U.S. Director of National Intelligence Avril Haines and a top South Korean security official met in Seoul to discuss North Korean issues, a Cheong Wa Dae official said Monday, as Seoul and Washington crank up diplomacy to resume dialogue with Pyongyang.

Haines met with Suh Hoon, director of national security at Cheong Wa Dae, over lunch earlier in the day to "have extensive discussions about the situation on the Korean Peninsula and ways to enhance the Korea-U.S. alliance," the official said.

The two have shared their assessments of the security situation on the Korean Peninsula, following Pyongyang's recent series of missile launches, according to the official.

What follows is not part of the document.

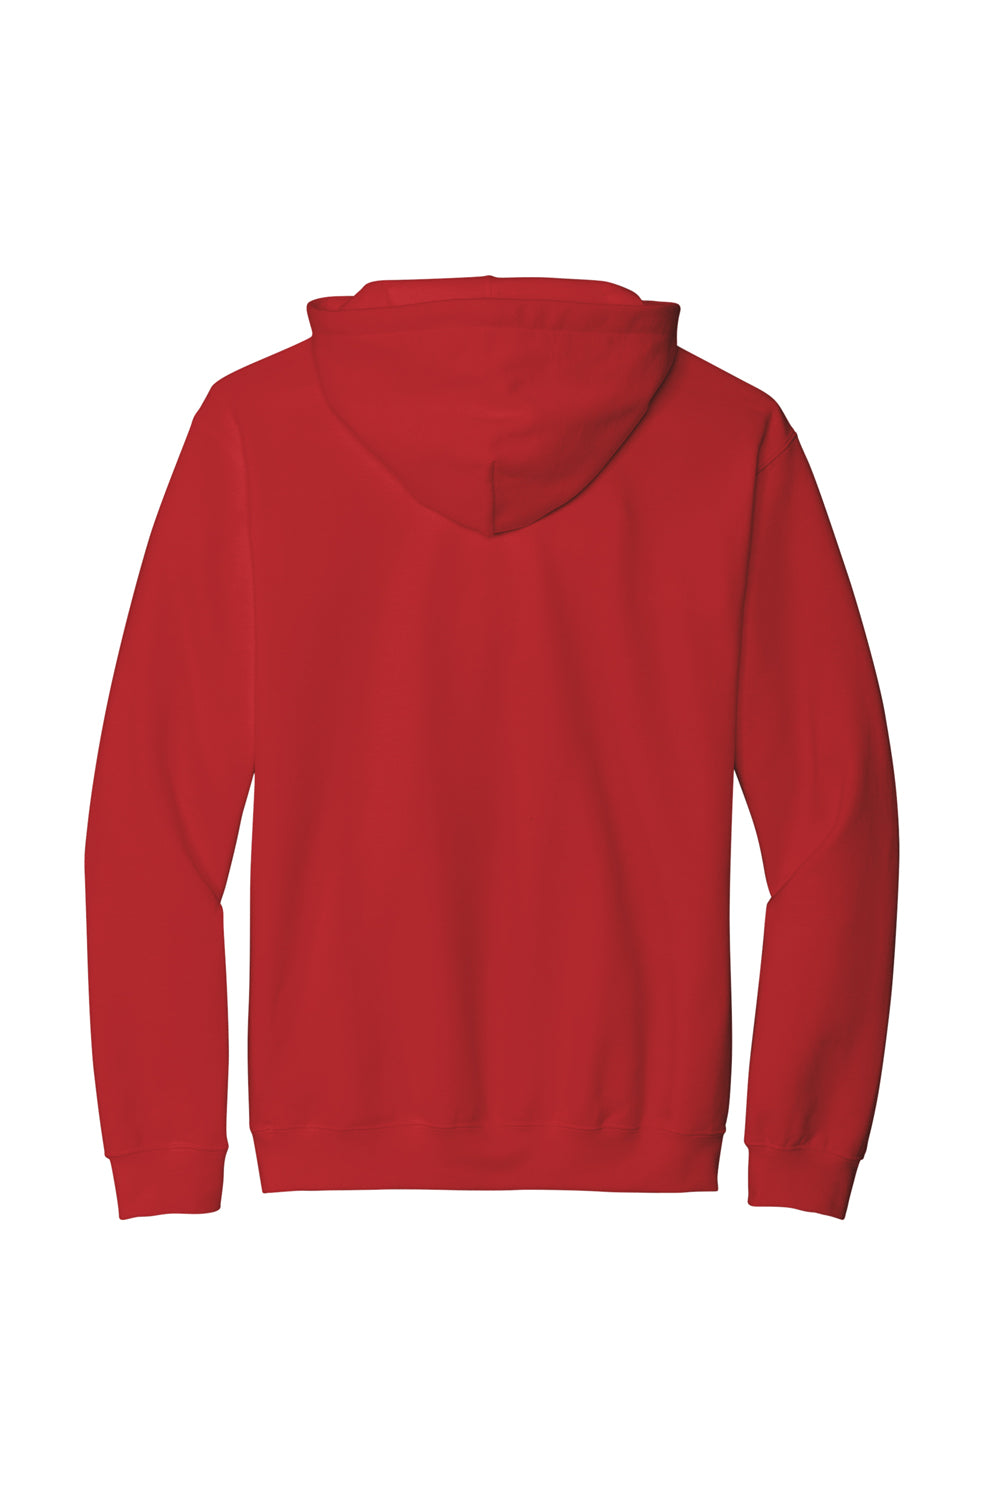 Gildan SF500 Softstyle Hooded Sweatshirt Hoodie Red Flat Back

Another possible item on the agenda could include South Korean President Moon Jae-in's recent proposal to declare a formal end to the 1950-53 Korean War, as Seoul ramps up diplomacy to revitalize its drive for lasting peace on the peninsula.

Meanwhile it is not yet known whether a meeting among intelligence chiefs of South Korea, the United States and Japan, took place during the day.

Haines had been widely expected to sit down Monday for talks with Park Jie-won, the head of South Korea's National Intelligence Service (NIS), and Hiroaki Takizawa, Japan's Cabinet intelligence director, who arrived in the country earlier in the day.

Park may have already held separate meetings with Haines and Takizawa during the day, and the meeting among the three chiefs could take place Tuesday.

Pyongyang has remained unresponsive to Washington's overtures for dialogue, with denuclearization talks having stalled since the no-deal summit between then U.S. President Donald Trump and the North's leader Kim Jong-un in 2019.

Takizawa's visit to Seoul is his first since Japan's new Prime Minister Fumio Kishida took office earlier this month, and the discussions could possibly signal Tokyo's new policy direction on North Korea.

The three could also discuss ways to strengthen trilateral intelligence sharing, as the leaders of the two East Asian countries attempt to patch up rocky relations over historic disputes stemming from Japan's colonial rule of the Korean Peninsula from 1910-45.

On Friday, Moon and Kishida held their first phone call and agreed to develop their ties "in a future-oriented manner."

Haines, who arrived in Seoul on Sunday, will meet senior security officials here after U.S. Central Intelligence Agency Director William Burns met with Moon here last week.